GH Research completes the near-term cohort. After clearing a clinical hold, its 5-MeO-DMT program is back on track and approaching late-stage development.
These companies have something in common. They are not just telling a story. They are approaching a regulatory decision.
Creating front runners
What the market risks overlooking is that the executive order does not only accelerate approvals. It also changes how the next generation of psychedelic-inspired drugs will be valued.
That is where Enveric Biosciences enters the conversation.
Unlike the companies above, Enveric is not racing toward a near-term approval of a classic psychedelic. Its lead candidate, EB-003, is a non-hallucinogenic neuroplastogen derived from DMT. The goal is not to optimize the psychedelic experience. It is to remove it.
That distinction may become more important, not less, under a faster FDA framework.
The core challenge facing first-wave psychedelic therapies is not only regulatory approval. It is scalability.

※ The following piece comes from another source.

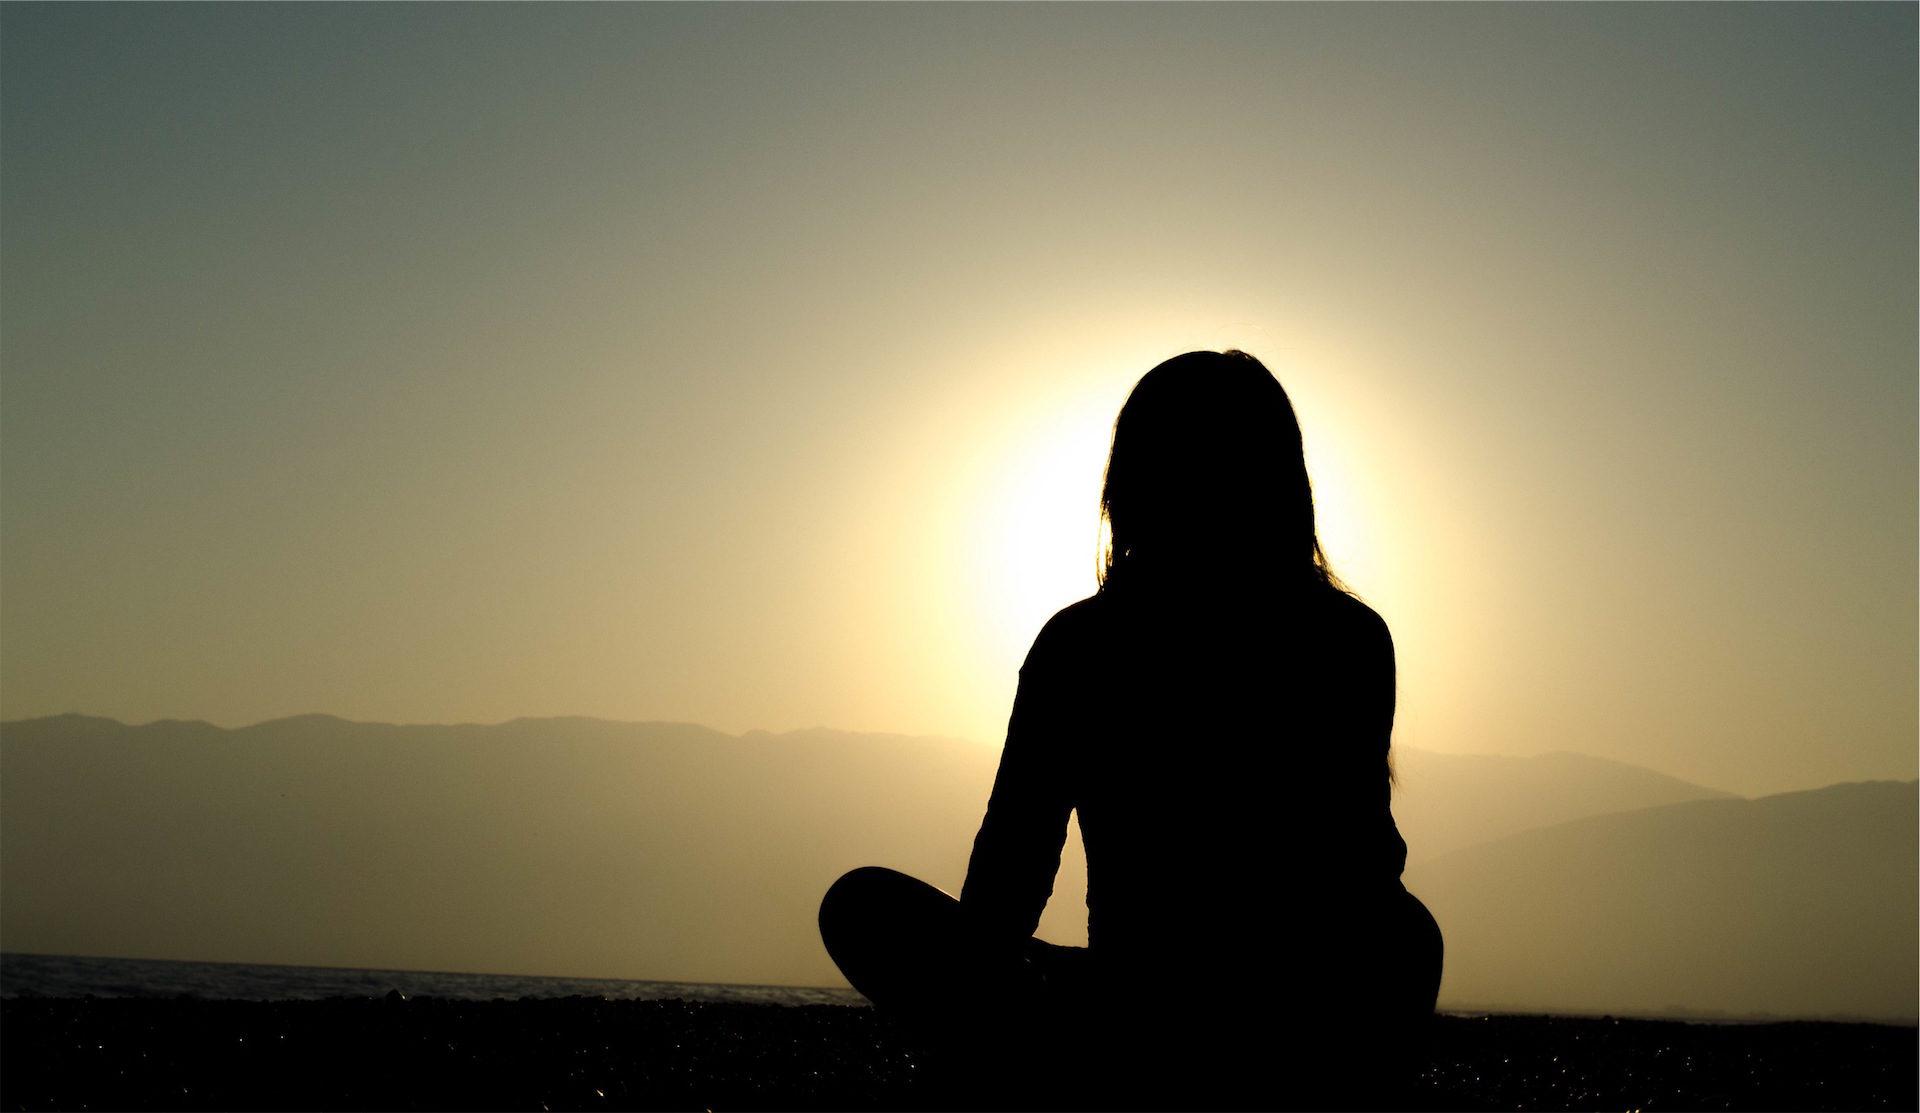 femme, méditation, Yoga, Sun, Nirvana - Fonds d'écran HD - Professor-falken.com

Treatments that require monitored sessions, specialized clinics, and hours of supervision create friction at every level, from reimbursement to infrastructure. Even if approved, they risk becoming constrained solutions to massive problems.
Enveric is building toward a different endpoint. A drug that engages neuroplasticity pathways without hallucinations has the potential to fit into conventional pharmaceutical models. Prescribable. Scalable. Repeatable. In other words, compatible with the system the FDA already knows how to regulate efficiently.
In a slower regulatory environment, that approach can be overshadowed by the urgency of getting any psychedelic therapy approved. In a faster one, the calculus shifts. Investors and strategics begin to look beyond first approvals toward second-generation dominance.
The recent $1.2 billion move by AbbVie into the space through its acquisition of Gilgamesh Pharmaceuticals assets was an early signal of that shift. Large pharma is not only interested in whether psychedelics work. It is interested in how they can be made to work at scale.
That is precisely the question Enveric is trying to answer.
A sector being split in real time
The executive order is best understood not as a rising tide, but as a sorting mechanism.
On one side are companies with late-stage, regulator-ready assets. They stand to benefit immediately from faster review timelines and clearer federal support.
On the other are companies building what comes after. Non-hallucinogenic compounds. Novel delivery mechanisms. Scalable treatment paradigms. Their value is less tied to the next FDA decision and more tied to what the market looks like five years after that decision.
Both groups matter. But they will be valued differently.
The real test begins now
There is a temptation to read this moment as validation. For the industry, it is closer to accountability.
The FDA has already shown, through past decisions, that it will not lower its standards for psychedelic therapies. Questions around trial design, durability of effect, and functional unblinding remain unresolved. Faster pathways do not remove those questions. They compress the time available to answer them.
For companies like Compass, Atai, Cybin, MindMed, and GH Research, the task is immediate. Convert momentum into approvals.
For Enveric, the task is more strategic. Prove that the next generation of neuroplastogenic drugs can deliver the same therapeutic benefit without the operational constraints that define the first wave.
The executive order does not decide who wins. It simply ensures that we will find out sooner.
And in this sector, sooner changes everything.